Around New England

Star Pitcher Was At Wild Party Night Before First Perfect Game … 140 Years Ago Today

June 12, 2020

A Brown University student who pitched the first perfect game in Major League history had partied ‘til 4:30 in the morning the night before and didn’t get to bed until 6:30 a.m. the day of the game.

Lee Richmond, who moonlighted for the professional baseball team in Worcester at the time, then boarded an 11:30 a.m. train in Providence for Worcester, where he pitched nine innings without letting a single batter get to first base, according to columnist Albert B. Southwick of the Worcester Telegram & Gazette.

The Worcesters, as the National League team was known, won the game that day over Cleveland, 1-0. It occurred Saturday, June 12, 1880 – 140 years ago today.

A plaque on Sever Street in Worcester, near where the old ballfield was, commemorates the feat.

Richmond, who was 23 when he pitched the perfect game, played several years in the National League, and then became a doctor and later a chemistry teacher – and then, at 65, a professor and dean at what is now the University of Toledo. He died in 1929 at age 72.
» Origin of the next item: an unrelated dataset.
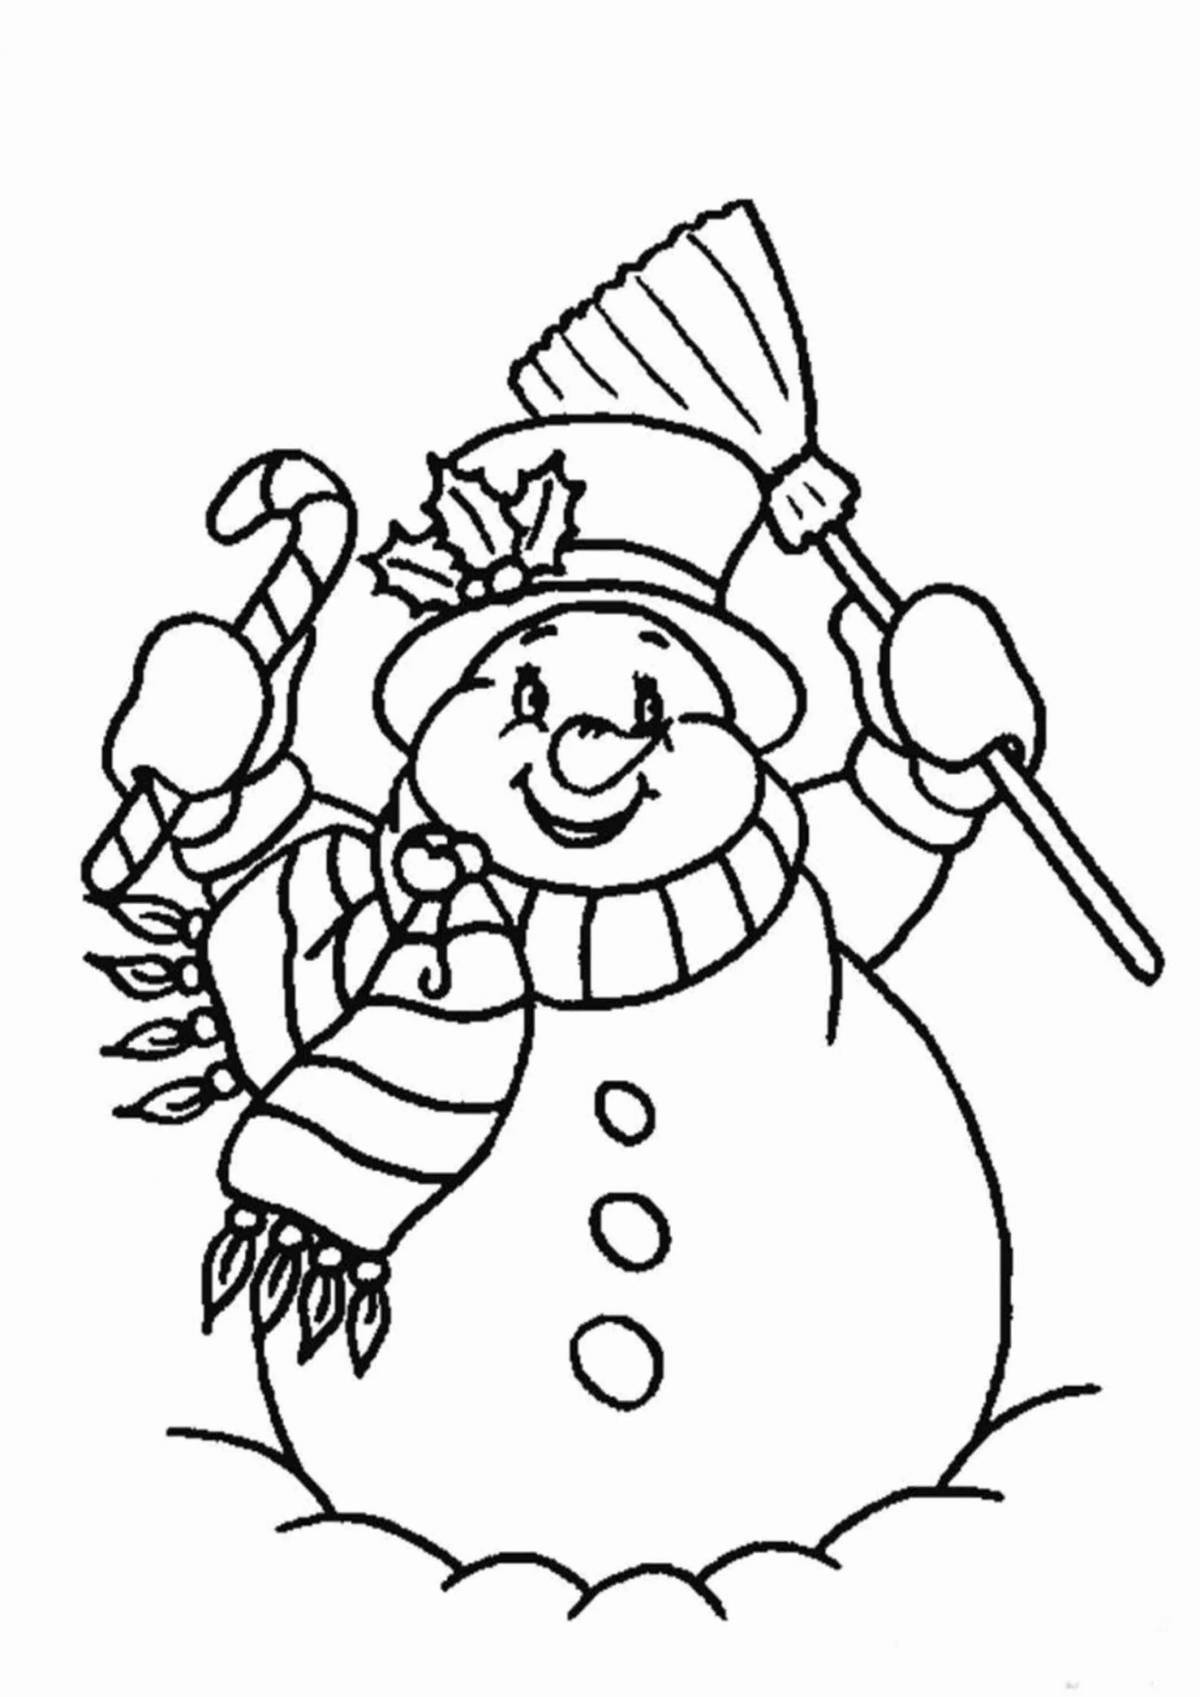 Christmas snowman coloring page

A lefty, Richmond “pioneered the use of a variety of pitches that included a rising fastball, a drop ball and a change of pace,” according to the Society for American Baseball Research.

“A perfect game is the rarest of single-game pitching feats. Taken in context with the events preceding the game, Richmond’s gem was even more unlikely,” the Society for American Baseball research notes.

The society’s article quotes a Chicago Tribune story from the time of the perfect game saying that the Cleveland batters could not figure out Richmond’s “puzzling curves.”

Richmond always credited his fielders for the perfect game, noting that they made every play – and, in the days before baseball gloves were common, they did it barehanded.